● **DATA BELOW**
= = = =

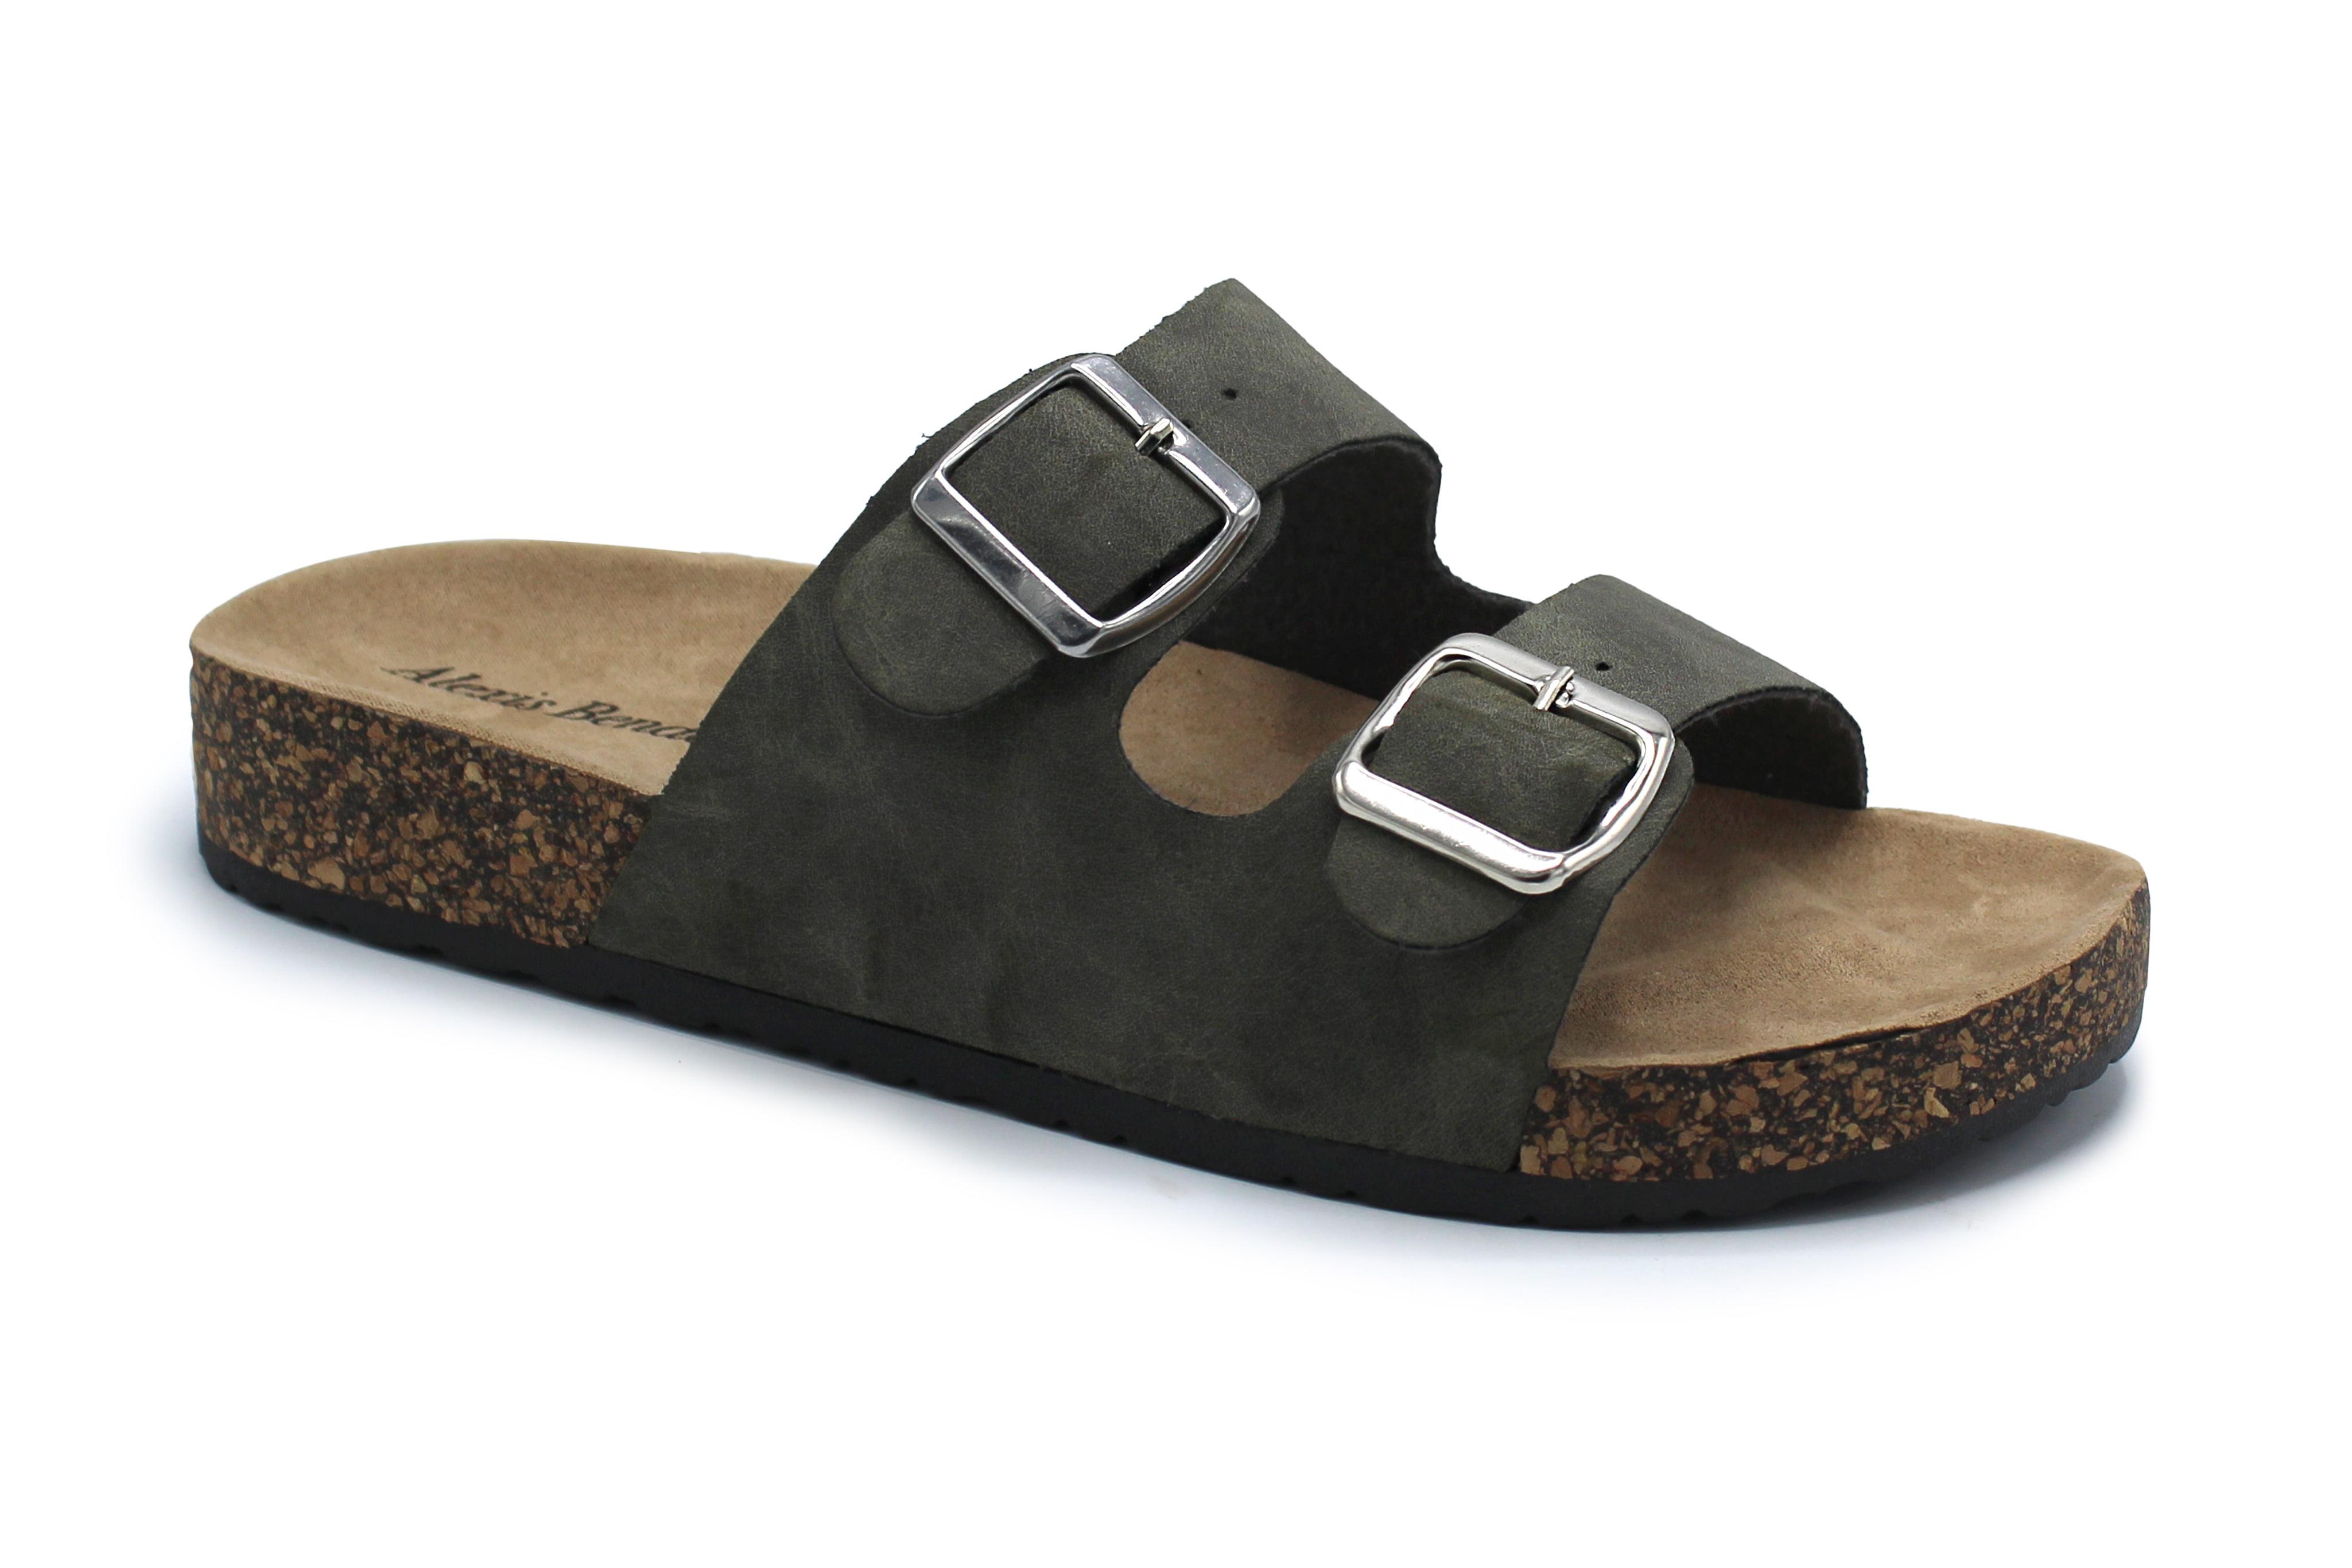 f36374ea09c2 Fashion Brands Group - Kylie-01 Women Double Buckle Straps Sandals Flip  Flop Platform Footbed Sandals Olive 7 - Walmart.com
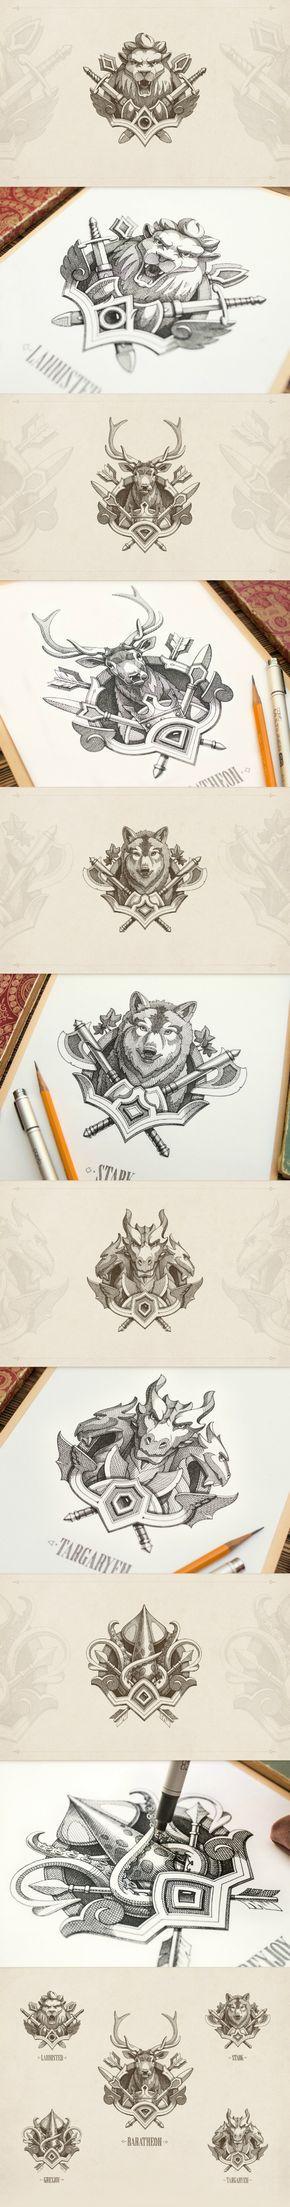 Game of Thrones emblems by NestStrix Studio
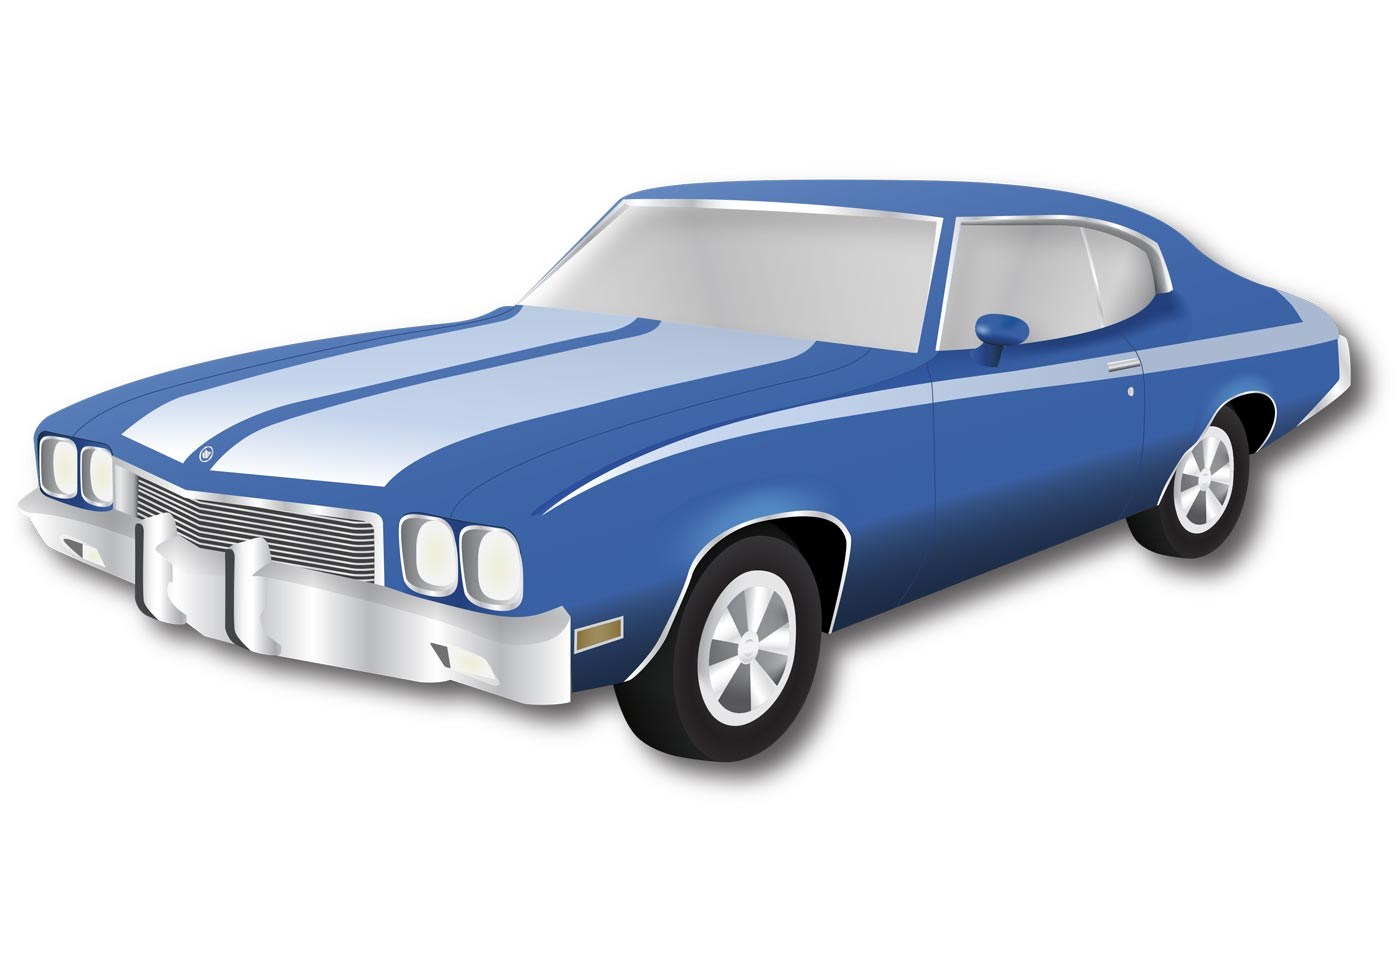 buick skylark car vector free vector art at vecteezy auto repair logo clip art auto repair logo design

= = = =

● **REQUIREMENT**
Retyped exactly, the lines from the one holding "Game of Thrones emblems by NestStrix Studio" through the last line of the data above are the whole answer. Pictures stay out.

● **RESPONSE**
 Game of Thrones emblems by NestStrix Studio
 buick skylark car vector free vector art at vecteezy auto repair logo clip art auto repair logo design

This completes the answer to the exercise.